Research consultancy

Content

Introduction:
What is SPSS?
Major windows used in SPSS
Opening SPSS
Creating a data entry screen/ template
Creating Variables (For both closed and open-ended questions)
Entering data
Saving data
Creating new variables from the existing ones
Computing new variables
Importing data from excel
Merging data files
Data cleaning
Data analysis and interpretation of results
Descriptive statistics (Maximum, minimum, and standard deviation of the variables)
Sample T-tests
Frequency tables (one-way table and cross tabulation)
Graphs
Hypothesis testing
Correlations
Regression (Assessing an effect/Impact of one variable on the other)

1.0 Introduction:

1.1 What is SPSS and its Role?

Originally SPSS stands for Statistical Package for Social Science.
SPSS is one of the statistical packages which can perform highly complex data manipulation and analysis with simple instructions

1.2 To start SPSS

Double click on the icon for SPSS if it exists on your Task bar or desktop

After clicking on the Icon for SPSS, the screen will appear as below;

1.3 Major Windows used in SPSS

Data view or Data editor window.

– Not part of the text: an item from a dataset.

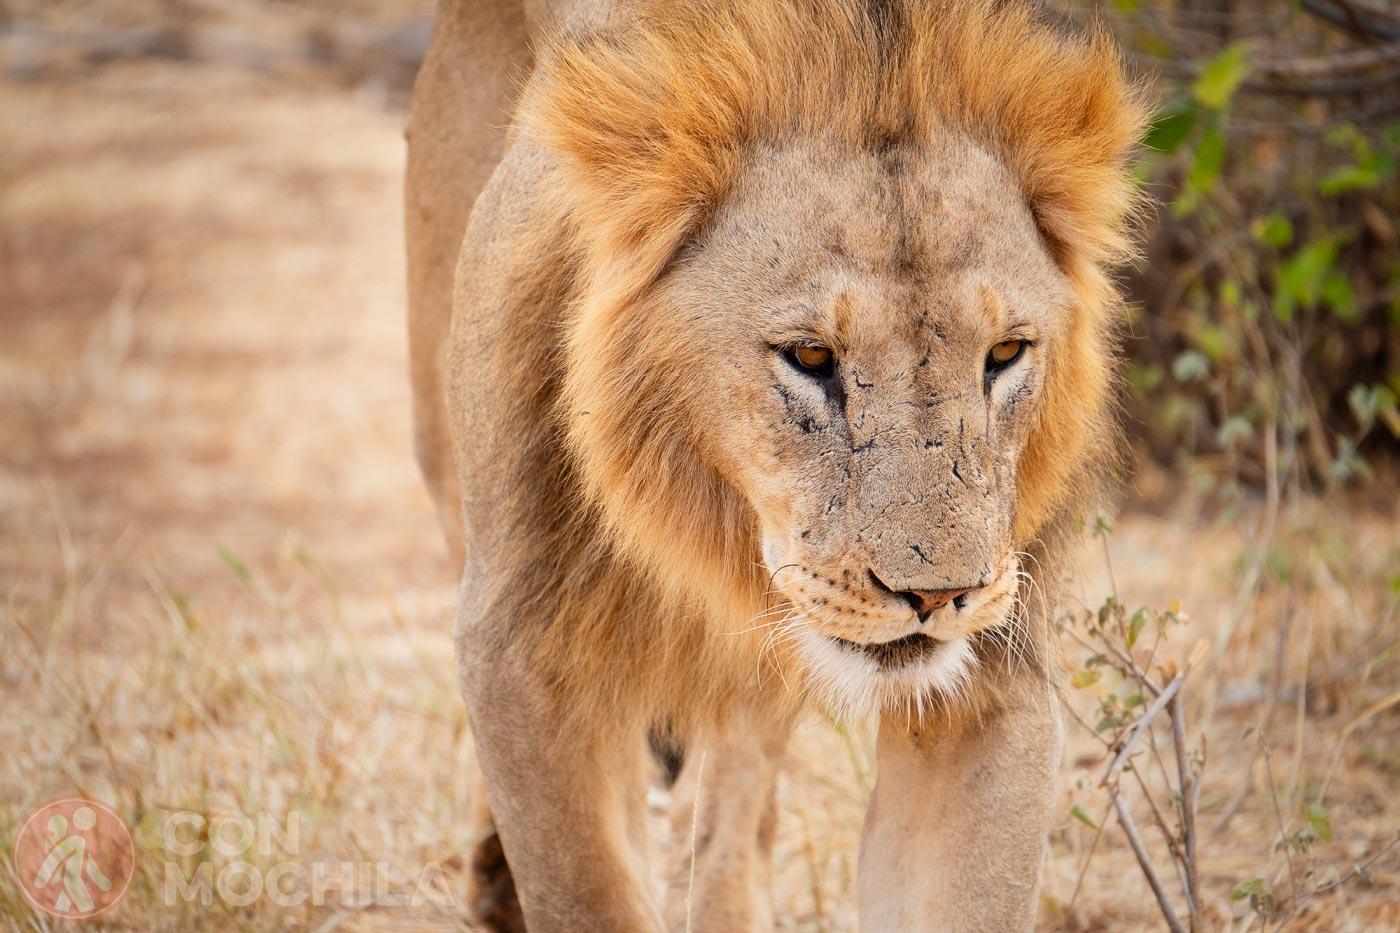 Un león a escasos metros de nuestro vehículo

It is used to enter, edit and view data. To access the Data view window, you can click on a tab named “Data view” at the bottom of the extreme left end of the SPSS spread sheet. The rows display the data being entered while the columns display the variables upon which the data is entered. The screen will as be shown below;
Variable view window. It is used when creating new variables, deleting, and adding variables. It displays different columns where each line on the row corresponds to a variable. You can click on a tab named “Variable view” at the bottom of the extreme left end of the SPSS spread sheet. The screen will appear as shown below;
Each column in the variable view has its function as shown in the table below;

Column	Function
Name	Name of the variable. Make it short and understandable and do not use numbers or symbols as the first letter since SPSS will not accept it. Moreover, you cannot use spaces in the name. To add space, use an underscore sign, For example: “Edu_level”. You Cannot include words that are used as commands by SPSS, such as ALL, AND, BY, EQ, GE, GT, LE, LT, NE, NOT, OR, TO, WITH, etc. You Cannot exceed 64 characters. The variables must be unique (all variables should have different names)
Type	It refers to the specific kind of data being entered. Some examples of types are: Numeric (numbers), Date (dates) and String (letters, and characters with or without spaces)
Width	Corresponds to the number of characters that is allowed to be typed in the data cell. Default for numerical and string variables is 8, which only needs to be altered if you want to type in long strings of numbers or whole sentences.
Decimal	Default is 2 for numerical variables. It is applied for only continuous data
Label	The description of the variable. Use the question that the variable is based upon or something else accurately describing the variable. For example: “What is your highest level of education?”
Values	Here you can add labels to each response alternative. For example: For the variable Sex, “Male” are coded as 1 and “Female” are coded as 2.
Missing	By default, missing values will be coded as “.” (dot) for numerical variables in the data set. For missing values in String variables, cells will be left blank.
Align	You do not need to do anything for this
Measures	Measure is the nature of data that is being entered. In SPSS, it is represented Scale (measurable data i.e. weight, height, and temperature), Ordinal (data in ranked categories/groups i.e. Likert scale questions), and Nominal (Data in categorical form without ranks i.e. Gender, Religion, tribes).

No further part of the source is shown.